Raisi was loathed for his repression of women — the Morality Police are back in force this year on his orders — and for his overseeing of massive inflation.

With Raisi gone, the only other candidate for the top job is Mojtaba Khamenei, the Ayatollah’s second son, who has been polishing up his religious clerical credentials in the past few years, but a hereditary succession in a regime that toppled a hereditary monarchy would have a hard time looking credible.

The constitution of the Islamic Republic is very clear on what should happen next; in fact, Raisi’s vice president, Mohammad Mokhber, has already stepped up to fill the role (his first phone call was to Putin) until elections can be held in 50 days’ time. Whether the hardliners can scare up a shoo-in candidate in that time remains to be seen, perhaps opening the door to some of the other factions that have been sidelined in recent years to make a comeback: even the conservatives are more in favor to opening to the world and loosening the strictures on women’s hijab and human rights than the hardliners who are now so desperate to hold onto power. 

Tensions in the region are at an all-time high. Saudi Arabia and Israel are considering deepening their security links in order to counter Iran’s influence, while at home in Iran, unrest bubbles under the surface. The regime looks less secure than it did a week ago. 
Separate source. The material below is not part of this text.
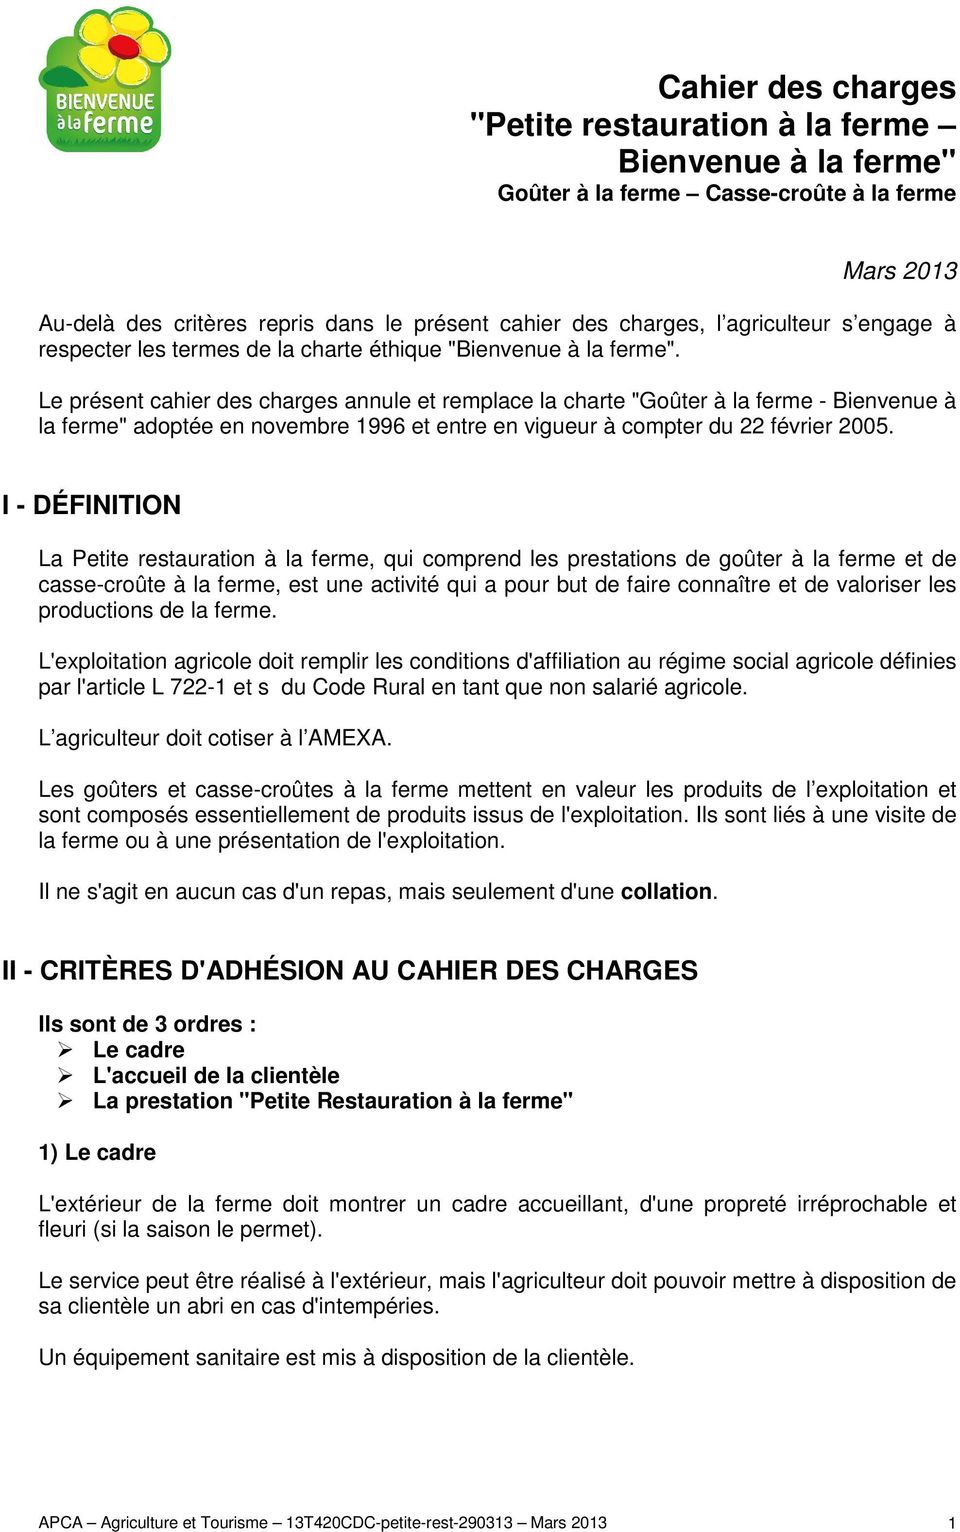 Le présent cahier des charges annule et remplace la charte "Goûter à la ferme - Bienvenue à la ferme" adoptée en novembre 1996 et entre en vigueur à compter du 22 février 2005.

Perhaps the real revenge on Raisi and the regime was taken by Iran’s mountains and what remains of its once-fauna-rich northern jungles. Decades of environmental abuse and resource pillaging caused Lake Urmia to virtually dry up and many species of majestic animals go extinct. Environmentalists who tried to stop this were arrested, jailed and executed. Scenes of the crash site show the steep, forested slopes through which filmmaker Mohammad Rasoulof escaped over a week ago, choosing exile over a long prison sentence and lashes for making his award-winning films. There is some poetic justice in the fact that it was this magnificent landscape that swallowed up some of the most feared men in the Islamic Republic of Iran.